Synthesis of compound (±)-decursivine 1

  1. (i)

    Without catalyst: To a solution of compound 8 (30 mg, 0.05 mmol) in HFIP (5 mL) was added PIFA (28 mg, 0.06 mmol) in one portion under an argon atmosphere and the mixture was stirred at room temperature for 6 h. TFA (20 µL, 0.26 mmol) was then added and the reaction mixture was stirred at room temperature overnight. The reaction was quenched with saturated aqueous NaHCO3 and extracted with EtOAc (3 × 20 mL). The combined organic phases were dried over anhydrous Na2SO4 and the solvent was removed under reduced pressure. The crude product was purified using flash chromatography on a Biotage Snap Cartridge (KP-Sil 10 g) using a gradient solvent system (30% to 90% ethyl acetate in hexanes) to give product 1 (9 mg, 47% yield) as beige solid. Mp ˃250 °C, literature4 Mp 260 °C (dec.). Rf = 0.15 (50% ethyl acetate in hexanes). 1H NMR (400 MHz, Pyridine-d5) 1,5,6,8 δ 12.08 (s, 1H), 8.87 (dd, J = 10.3, 4.8 Hz, 1H), 7.49 (d, J = 8.6 Hz, 1H), 7.39 (s, 1H), 7.30 (d, J = 8.5 Hz, 2H), 7.08 (t, J = 8.9 Hz, 2H), 6.94 (d, J = 7.9 Hz, 1H), 5.98 (s, 2H), 4.24–4.10 (m, 1H), 3.59 (dd, J = 15.8, 3.9 Hz, 1H), 3.22–3.16 (m, 2H).
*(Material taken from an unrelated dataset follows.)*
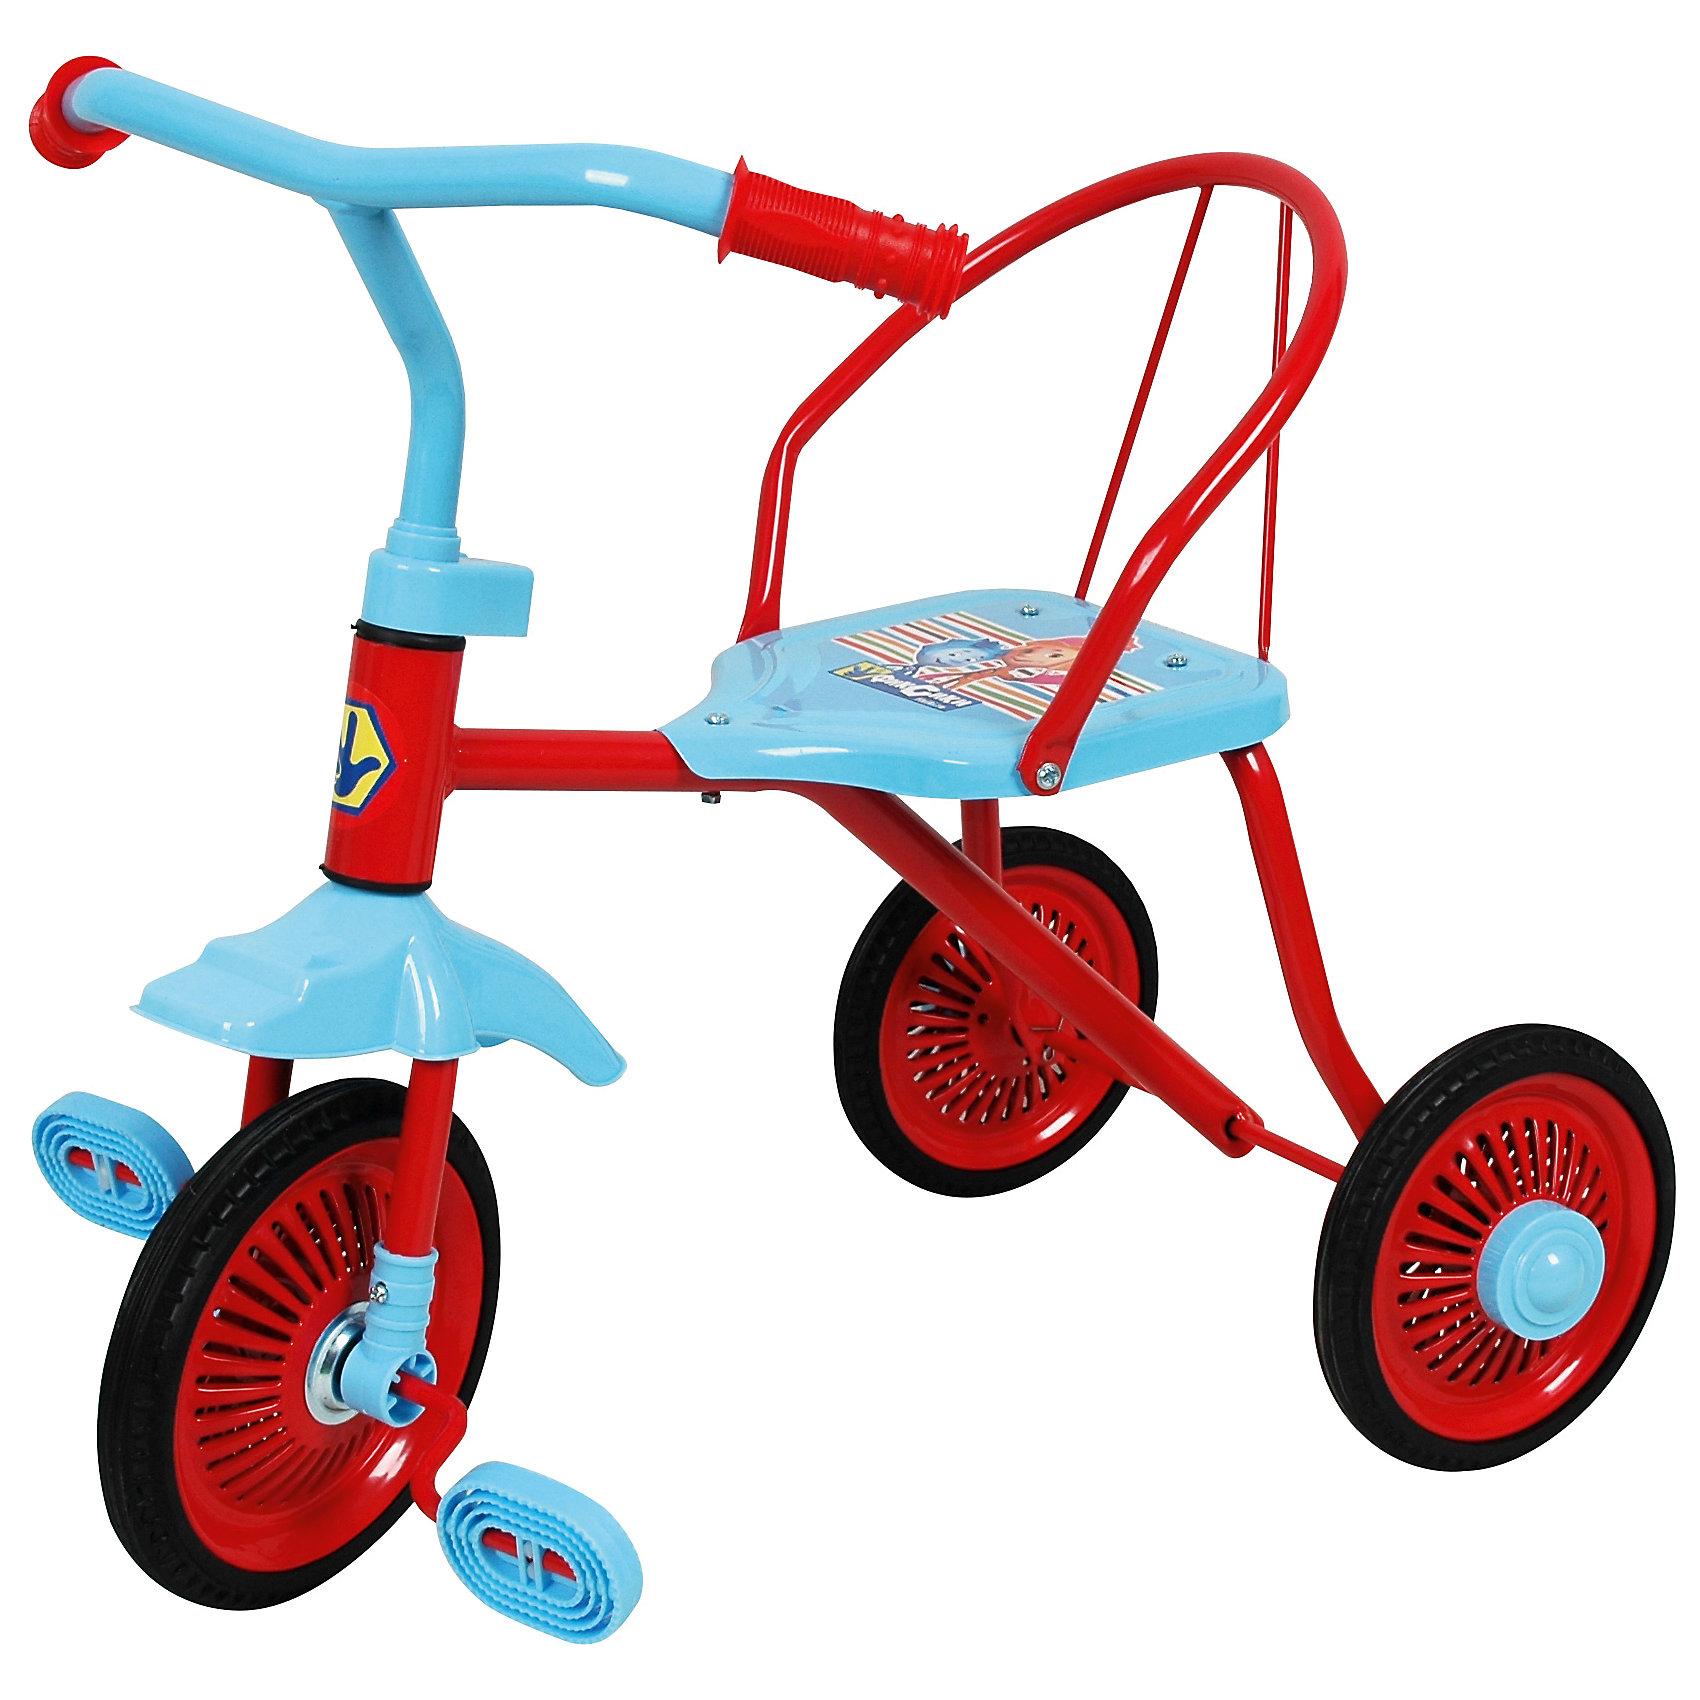 Велосипед трехколесный Фиксики, 1ToyВелосипед трехколесный Фиксики, 1Toy – это замечательный, яркий и необычный велосипед для активных малышей.<br>Трехколесный велосипед Фиксики 1Toy – это лёгкий детский велосипед для малышей, украшенный изображением персонажей популярного детского мультсериала Фиксики. Он станет отличным спутником вашего малыша на летний период и будет способствовать развитию координации движений и ловкости. С таким велосипедом прогулки на улице станут еще интереснее и веселее. Модель снабжена трехколесным шасси, что гарантирует отличную устойчивость при передвижении по твердым и неровным поверхностям. Также конструкцией велосипеда предусмотрено сиденье со спинкой.<br><br>Дополнительная информация:<br><br>- Возраст: от 1,5 лет<br>- Максимальный вес ребенка: 20 кг.<br>- Для детей ростом от 80-85 см.<br>- Размер: 55х58х62 см.<br>- Высота руля: 62 см.<br>- Высота сиденья: 30 см.<br>- Высота спинки: 20 см.<br>- Облегчённая металлическая рама<br>- Диаметр колес: переднее 9 дюймов, задние 8 дюймов<br>- Материал: металл, пластик<br>- Размеры упаковки: 80,5 x 17 x 36,5 см.<br>- Вес: 3 кг.<br><br>Велосипед трехколесный Фиксики, 1Toy можно купить в нашем интернет-магазине.<br><br>Ширина мм: 805<br>Глубина мм: 170<br>Высота мм: 365<br>Вес г: 3167<br>Возраст от месяцев: 180<br>Возраст до месяцев: 72<br>Пол: Унисекс<br>Возраст: Детский<br>SKU: 4655131

ESI–MS: m/z 349 [M + H]+. HRMS (MALDI-TOF) calcd for C20H16N2O4Na [M + Na]+ 371.1002, found 371.1006.

  2. (ii)

    With catalyst: To a solution of compound 8 (30 mg, 0.05 mmol) in HFIP (5 mL) was added (±)-BINOL phosphoric acid (1 mg, 0.0025 mmol) and PIFA (28 mg, 0.06 mmol) in one portion under an argon atmosphere and the reaction mixture was stirred at room temperature for 3 h. TFA (20 µL, 0.26 mmol) was then added and the reaction mixture was stirred at room temperature overnight. The reaction was quenched with saturated aqueous NaHCO3 and extracted with EtOAc (3 × 20 mL). The combined organic phases was dried over anhydrous Na2SO4 and the solvent was removed under reduced pressure. Crude product was purified using flash chromatography on a Biotage Snap Cartridge (KP-Sil 10 g) using a gradient solvent system (30% to 90% ethyl acetate in hexanes) to give product 1 (14 mg, 74% yield). 1H NMR and mass data are same as mentioned above and matches with the literature data1,5,6,8.